Midday Veil
This Wilderness (Beyond Beyond is Beyond)
Seattle’s Midday Veil have a lot on their collective mind in their new release, This Wilderness, and most of it is rather ominous. The seven songs on this forty-two minute album consider such topics as eternal cosmic strife, the impossibility of knowledge, the persistent illusion of human progress, and the inevitable end of epochs and civilizations along with their myths and their gods. Few of these foreboding musings are obvious on the first few hearings of this album because, despite the sometimes world-weariness of the lyrics, the music is full of good cheer. The world and its inhabitants may be coming to nothing, but that, this band proclaims, is no excuse not to dance.
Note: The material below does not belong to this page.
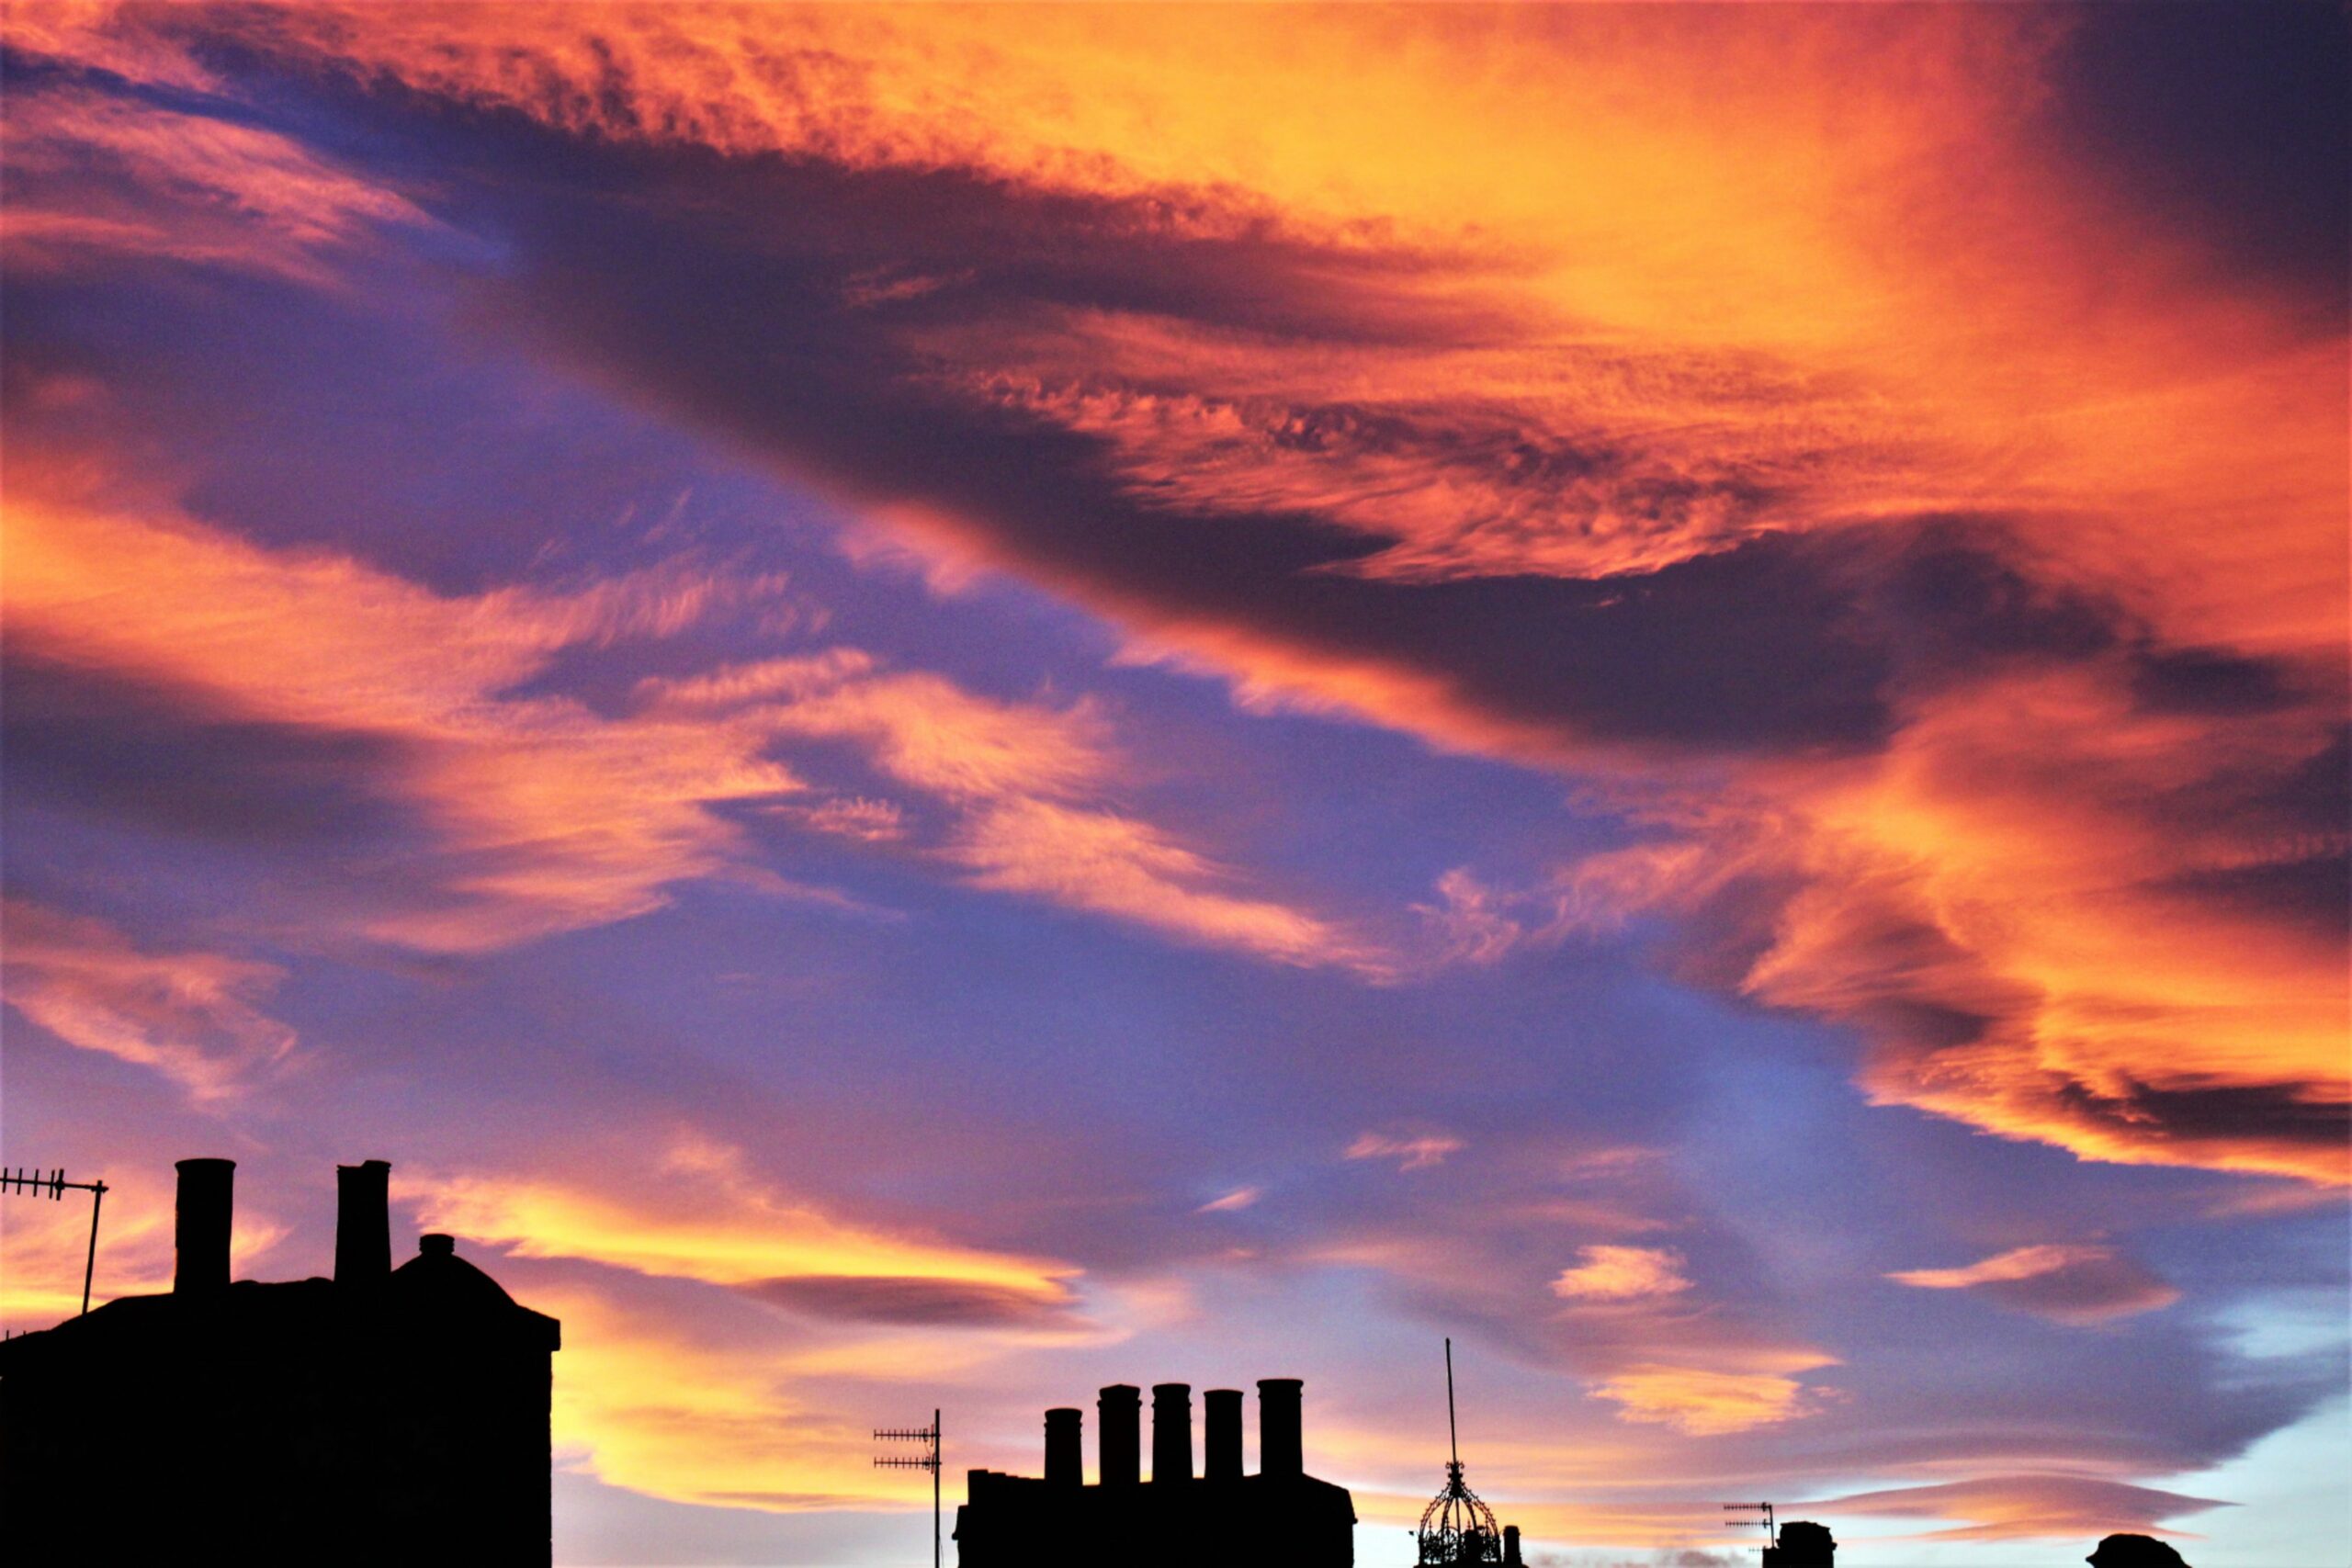 Sunset above the rooftops in Huntly

Since 2008, Midday Veil has been part of Seattle’s experimental musical mystical scene, offering digital tracks and cassettes on their label Translinguistic Other. Their style is eclectic, and their literary and musical influences range from theosophical esoterica, indigenous shamanism, and ancient mythologies to Moog-era electronica, and disco. Often loose-limbed improvisational celebrations of acoustic and synthesized noise, Midday Veil’s earlier songs fit into such categories as krautrock, space rock, or psychedelic rock, and could sometimes be twenty minutes long. They call the current incarnation of their sound on This Wilderness “cosmic synth rock.”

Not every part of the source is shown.